В отношении домашней жизни следует заметить, что все молоканы грамотны и развитее прочих русских переселенцев. Полагаю, что это происходит от сосредоточенного и строгого к самому себе характера. В деревнях их вы никогда не увидите игрищ и не услышите песен; в будничные дни все занимаются работами, праздники же посвящаются пению псалмов и чтению Библии. Субботу некоторые соблюдают так строго, что не зажигают даже огня и едят холодные кушанья, а многие в этот день и вовсе не употребляют ни питья, ни пищи. Ко всему этому молоканы не пьют водки; но, к сожалению, теперь это исчезает, и в их деревнях, хотя — по замечанию одного путешественника — в самых концах, появились духаны. Замечательная черта молоканов еще та, что, во имя странноприимничества, они укрывают у себя всех беглых, что ставит их в постоянную опозицию с местными властями и часто вводит в большие хлопоты и неприятности.
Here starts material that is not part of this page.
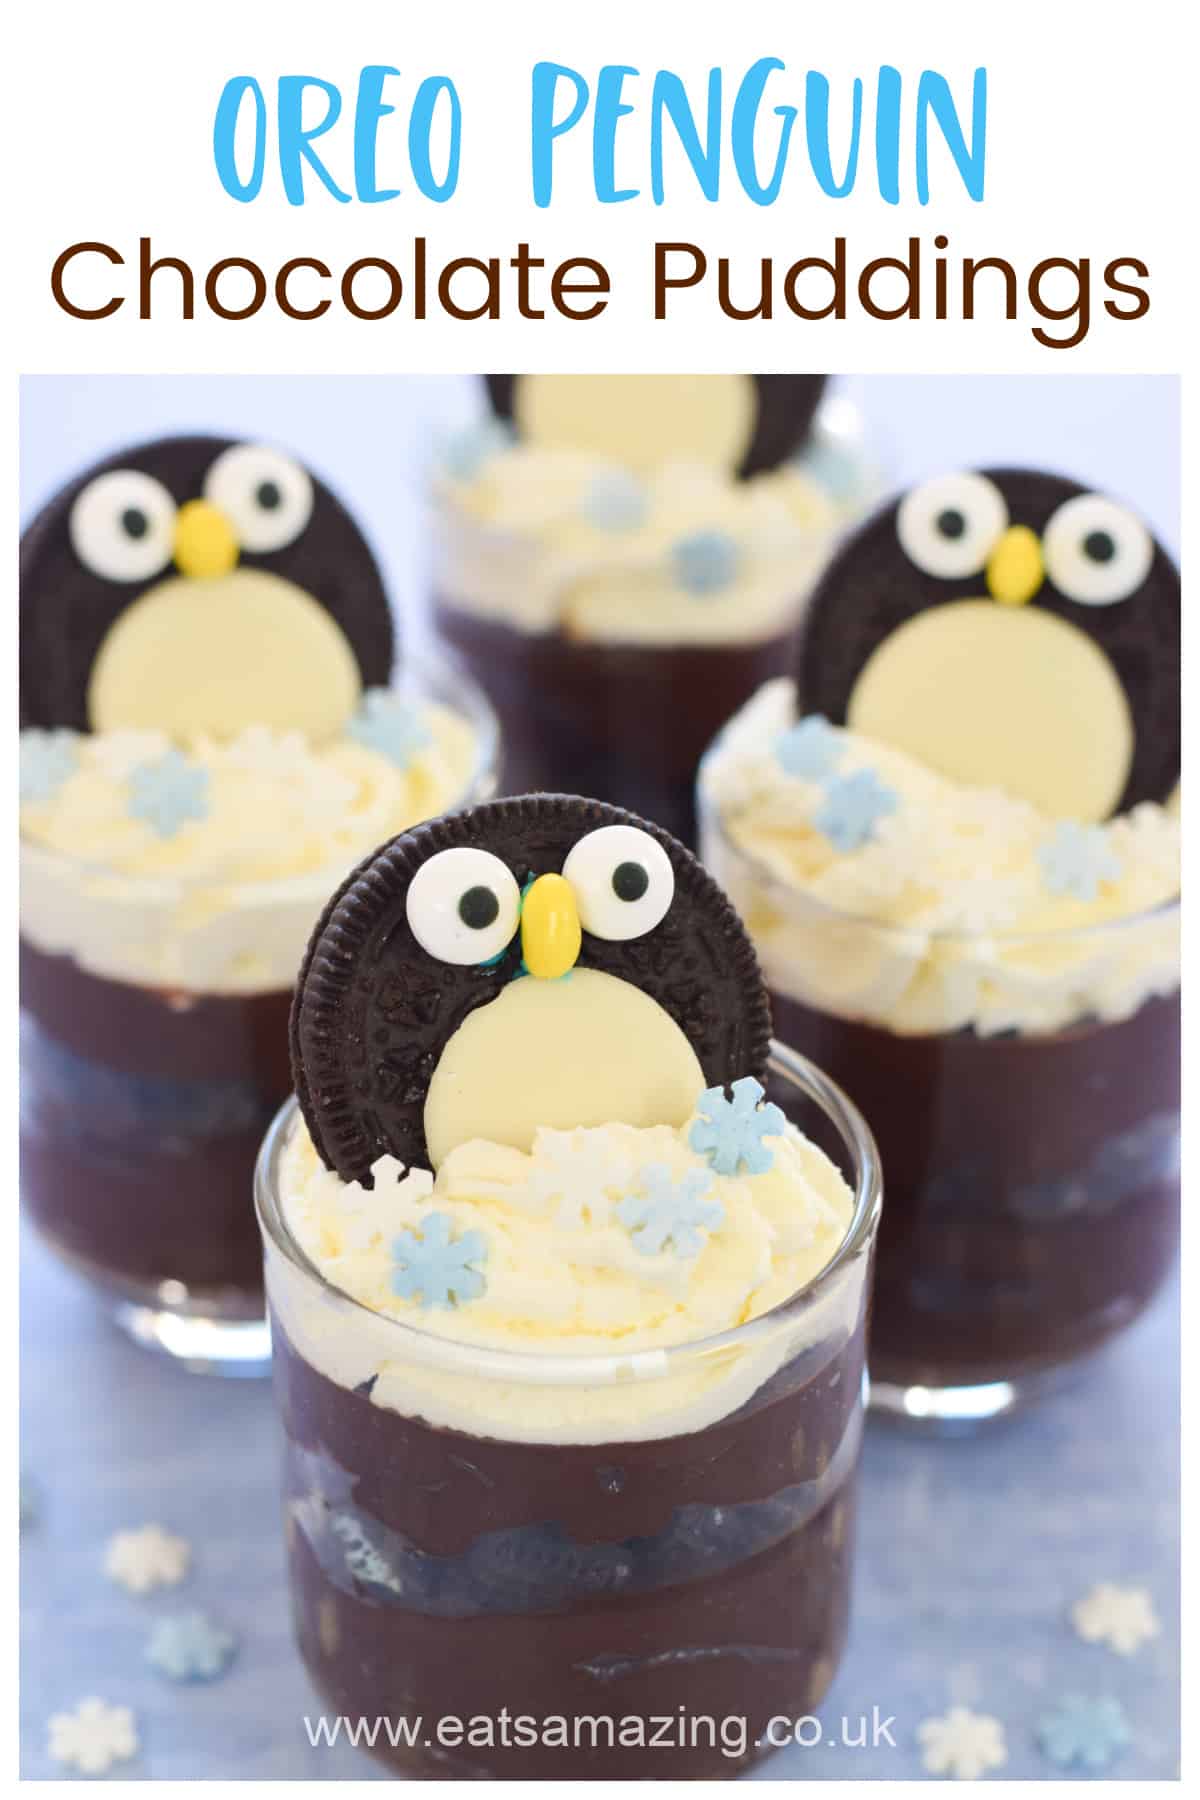 Fun chocolate pudding pots recipe with oreo penguins - perfect for a cute Christmas dessert for kids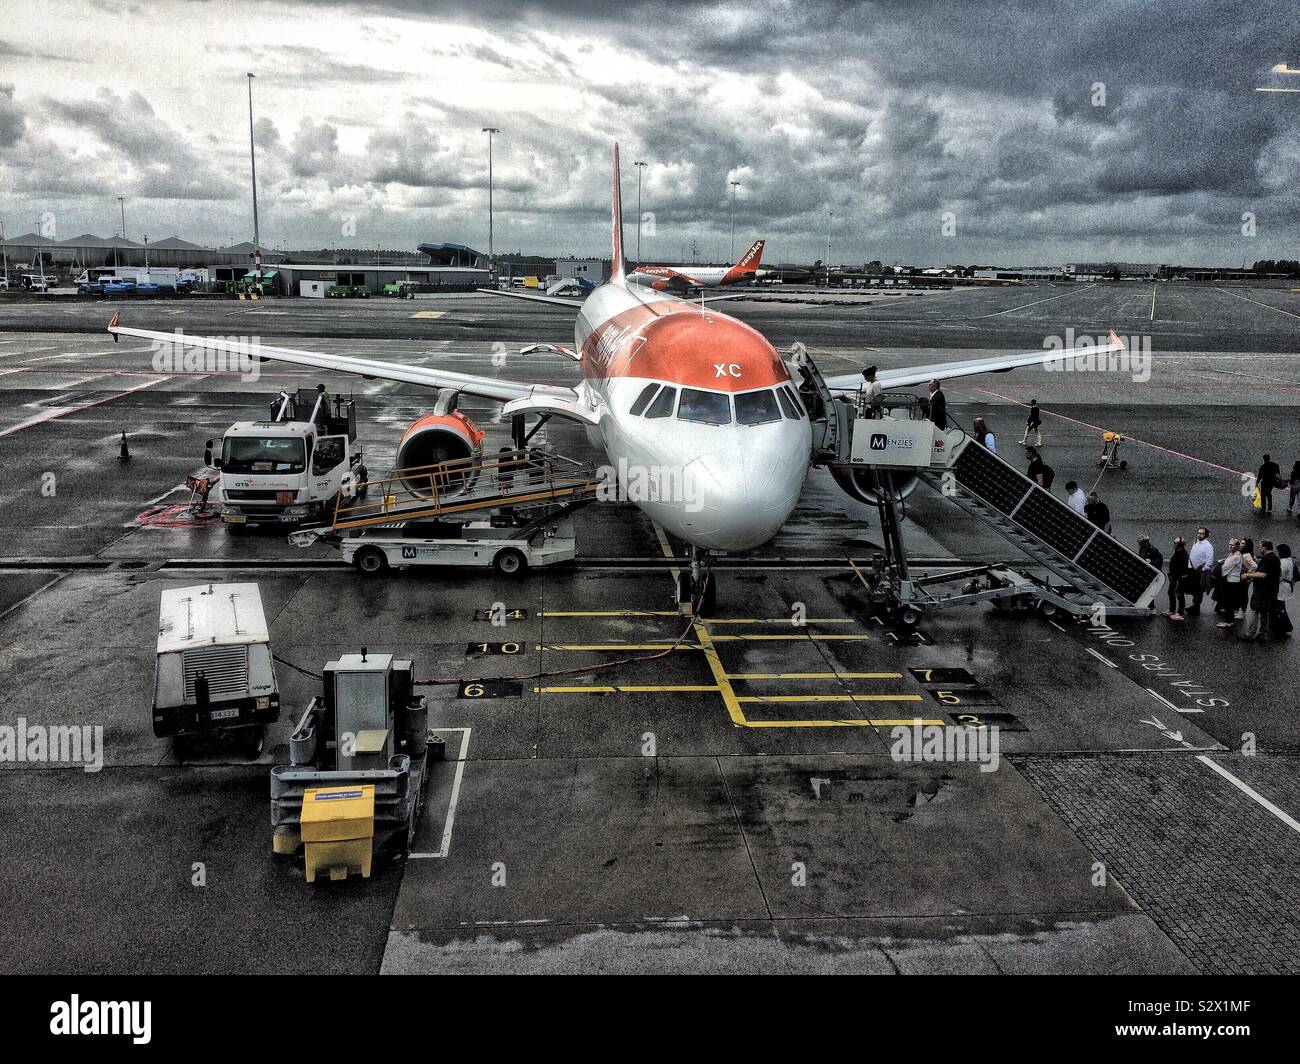 EasyJet Airbus boarding at Schiphol Airport Stock Photo

Живут молоканы хорошо, податей не платят, рекрутов от них не берут; земли много и урожаи каждый год хорошие. Деревни их богаты и многолюдны. Самое большое селение в Шемахинской губернии, называемое Алтагач, имеет до пятисот душ, рынки и несколько лавок с хорошими товарами.

Религиозное учение запрещает молоканам вести войну и носить оружие; однако хищничество татар, их новых соседей, сделало переселенцев весьма воинственными, и теперь в каждом доме найдете порядочное ружье со всеми к нему принадлежностями. Рассказывают про одного молокана, который, будучй застигнут в Мокрых горах татарскою партиею, засел в каменную пещеру и, несмотря на то, что был ранен, целый день вел перестрелку и не дался им в руки. Другой случай был еще решительнее. Ночью татары убили молокана возле самой деревни. На выстрелы и крик выскочили жители, бросились в погоню за [433] хищниками и поймали их. Что же с ними делать? Старшин в деревнях нет, а все дела решаются на сходках. Сходка приговорила посадить татар в пустой сарай и сжечь живыми. Эта ужасная казнь, за которую молоканы уже после имели дело с чиновниками всевозможных ведомств, осадила, как говорится, татар, и теперь возле молоканских деревень совершенно покойно.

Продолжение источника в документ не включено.